I’m sure the project would greatly benefit from your team’s contributions to speaking, verifying, contributing sentences, and spreading the word to more Cantonese speakers!

I would like to make the suggestion that all contributors of speech should always ensure that they are logged in, with one voice per account and one account per voice (this is the case for all languages). The website currently seems to allow anonymous contributions, which are not attached to a speaker ID and are much less useful for several applications.

Yes, I’m aware of the zh-HK corpus, but a lot of Cantonese users do not reside in Hong Kong, and tagging the language under a specific region is putting off at best and down-right offensive to other non-Hong Kong Cantonese speakers. Using zh-hk for Cantonese is also like calling Portugese as “Romance-Brazil”.

Also, Cantonese as used in Hong Kong consists of two stratums - a literary one which is based on Mandarin Chinese grammar, and a vernacular one which has its own grammar rules and its own set of particles. The current zh-HK locale doesn’t distinguish between them. It’s the equivalent of mixing Bokmål and Nynorsk into a single language.
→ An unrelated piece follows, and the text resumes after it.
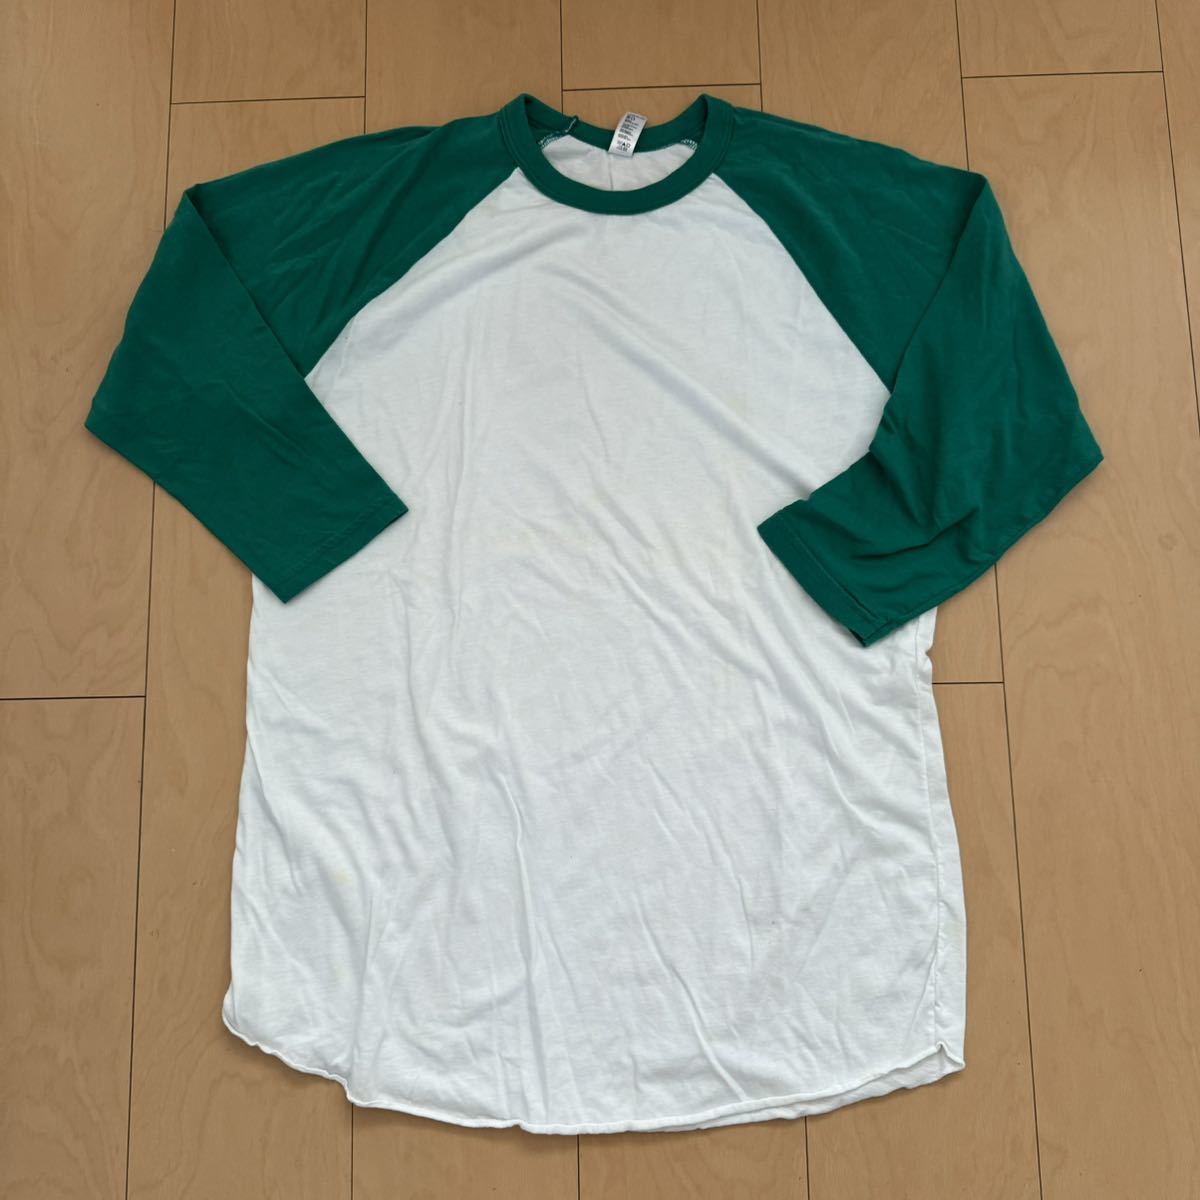 激レア! アメリカンアパレル ラグラン 5分袖Tシャツ ホワイト×グリーン サイズL 美品格安_画像1

We’re asking for a new “yue” language code on Common Voice where Cantonese can be recorded and categorized correctly. This is the code that’s recommended by BCP-47 and understood by the ICU. We can migrate the zh-HK data into this set later if necessary.

Note that there are also other languages under the macrolanguage zh. There will likely be requests for adding other languages like nan and hak. By lumping everything under zh, it’s the equivalent of using the same language code for both French and Spanish (both are romance languages which share the same roots).

I’m aware of the language situation. I don’t know how the decision was made to use the zh-HK designation on Common Voice, especially since it is not an ISO 639-2 code. I agree that the yue code would be more appropriate. However Mozilla currently seems to have very little bandwidth for Common Voice work, and I don’t know who to contact for this change.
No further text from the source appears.